I’ve always been the one to buy the plant that’s dying on the sale rack, the pot with the lid that doesn’t fit right, the item others pass by or laugh at. I feel sorry for inanimate objects that no one wants. I think it’s the fault of that hard-headed stuffed dog. Who in their right mind would have bought her? Obviously one of my parents. Obviously the empathy with deformed objects is hereditary.

Mom's wedding

At some point I decided I should name that dog, although I had no interest in doing so. I felt I should love her more than anything because she was a gift from my dad. I pretended to love her more than anything. I named her after a kitten we had at the time. I made sure she rested on my bed between the pillows in a place of honor. I kept her for many years because I felt I should. I remember one time being a teen and upset about some drama. I held Fifi close as I cried because it seemed like something I should do, as if a stuffed dog would comfort me because the person who gave her to me was gone. But even in the middle of crying and clutching that hard head, I felt stupid, like I was putting on an act.

Holly & Big Doll

I never got attached to Big Doll either. This cute sibling inherited the hard plastic doll.

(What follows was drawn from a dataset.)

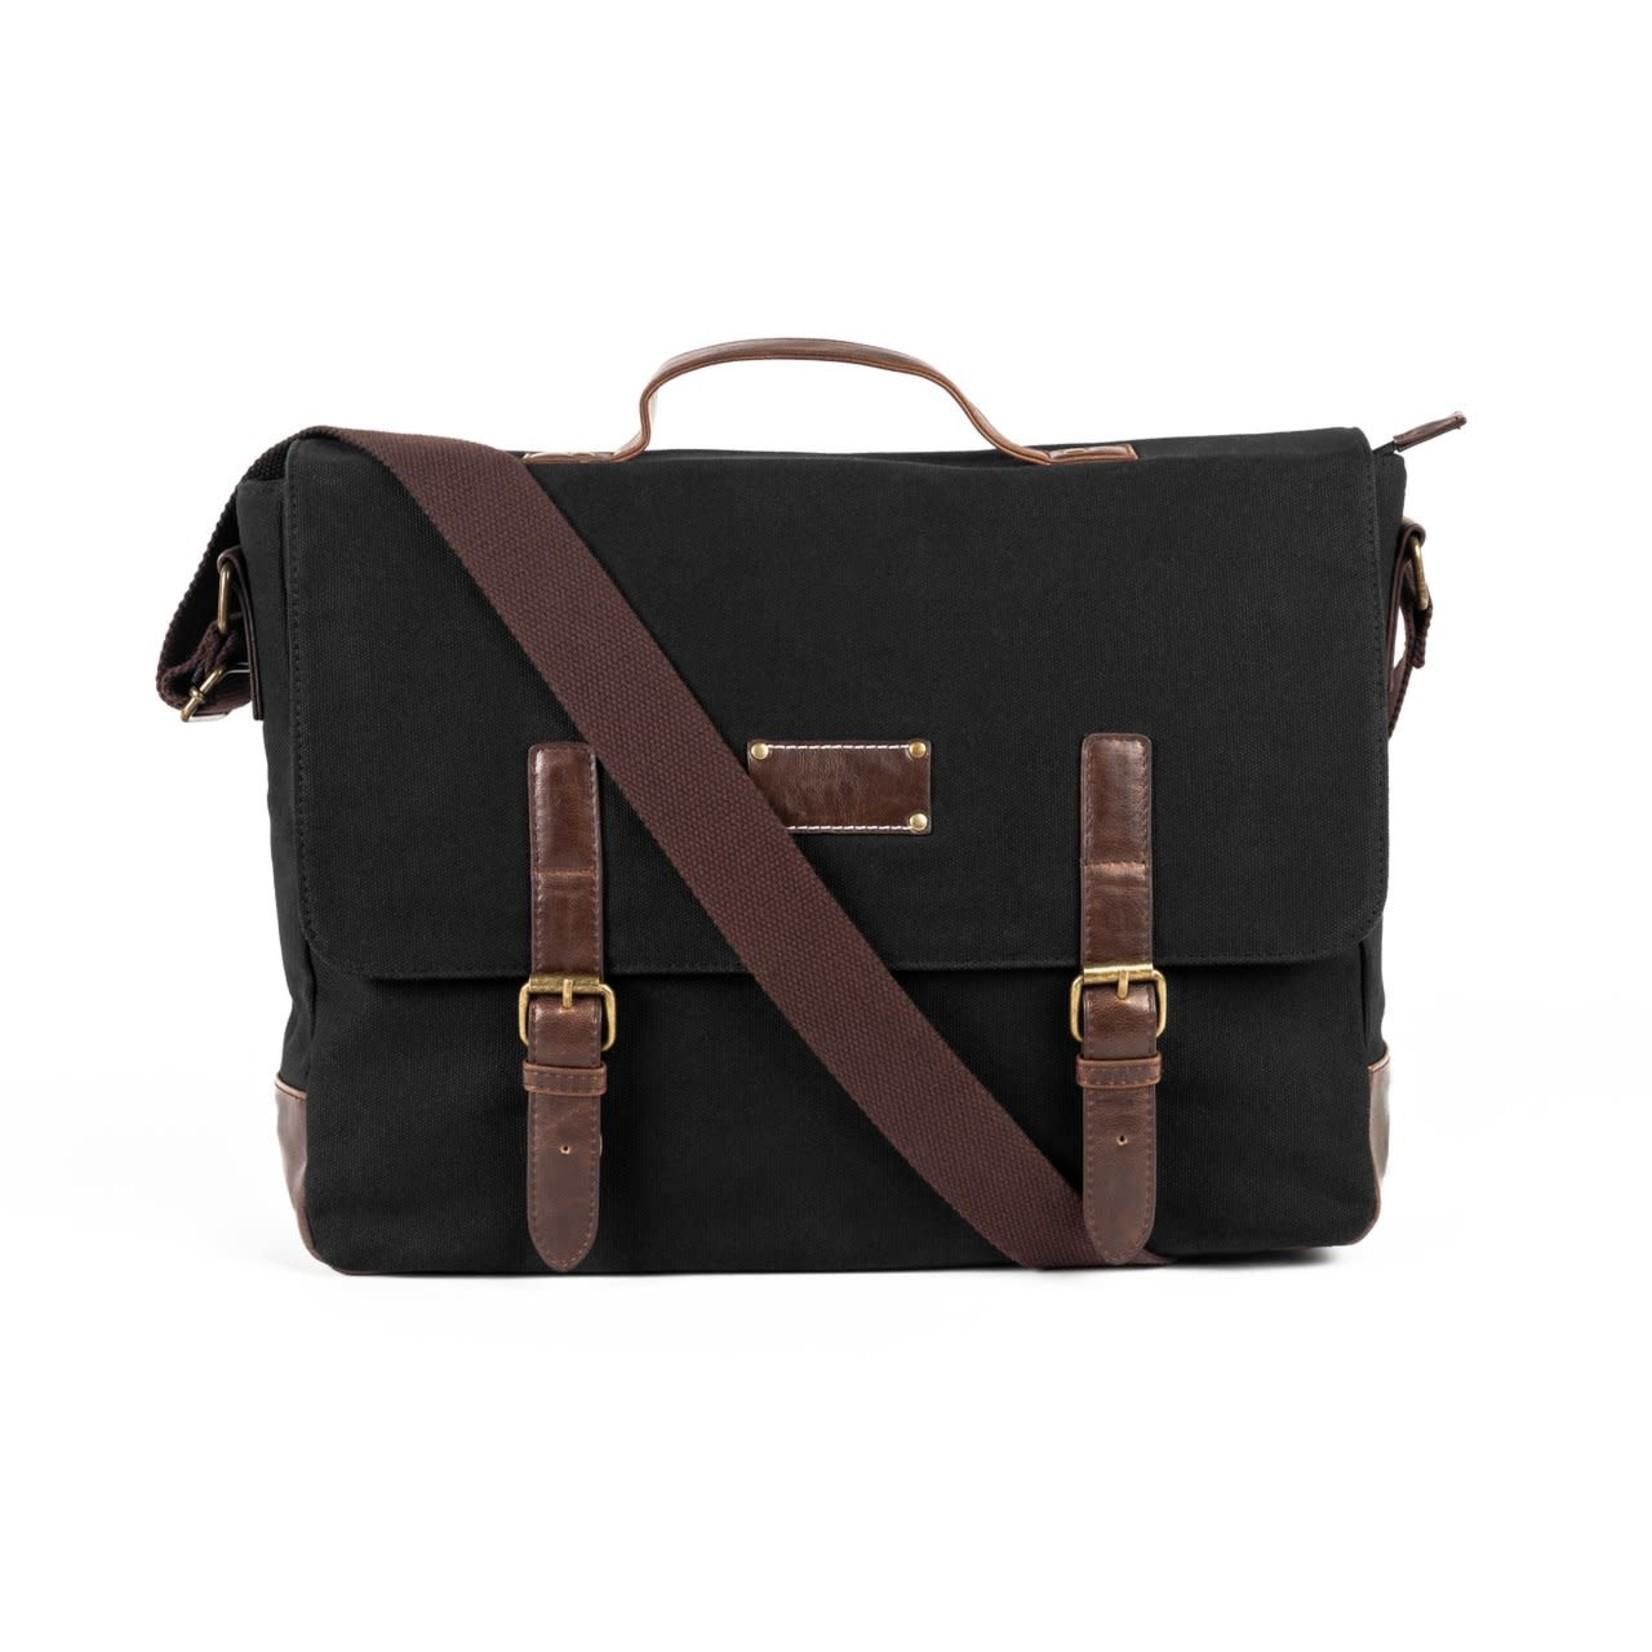 Brouk & Co Ethan Messenger Bag

Eventually, well into my thirties, I finally got rid of Fifi. She was ratty by that time, with most of her body stuffing gone. The head was still intact though. I wonder two things now. One, why I never cut open her head to find out what was so hard in there. And two, if I had kept her, loved her more, would she have turned into a Velveteen Dog and come to life?

Our son had lots of stuffed animals, as most kids do. Oscar was the most loved. A little black and white dog that now sits on my bookshelf. Our son had to sleep with Oscar every night. And any parent will know what comes next. Oscar got lost. Oh, the drama! The heart-broken tears at night when he had to sleep alone!

Arthur & Jello

Our son out for a walk with his grandpa, and a real black and white dog, Jello

We searched the house. My parents, who had given him Oscar, got online (a momentous feat for them), found the company, and ordered another. The two dogs looked almost identical but this new one was named Fraser. That was acceptable to our son because at the time he was an avid fan of Due South and the main character’s name was Fraser.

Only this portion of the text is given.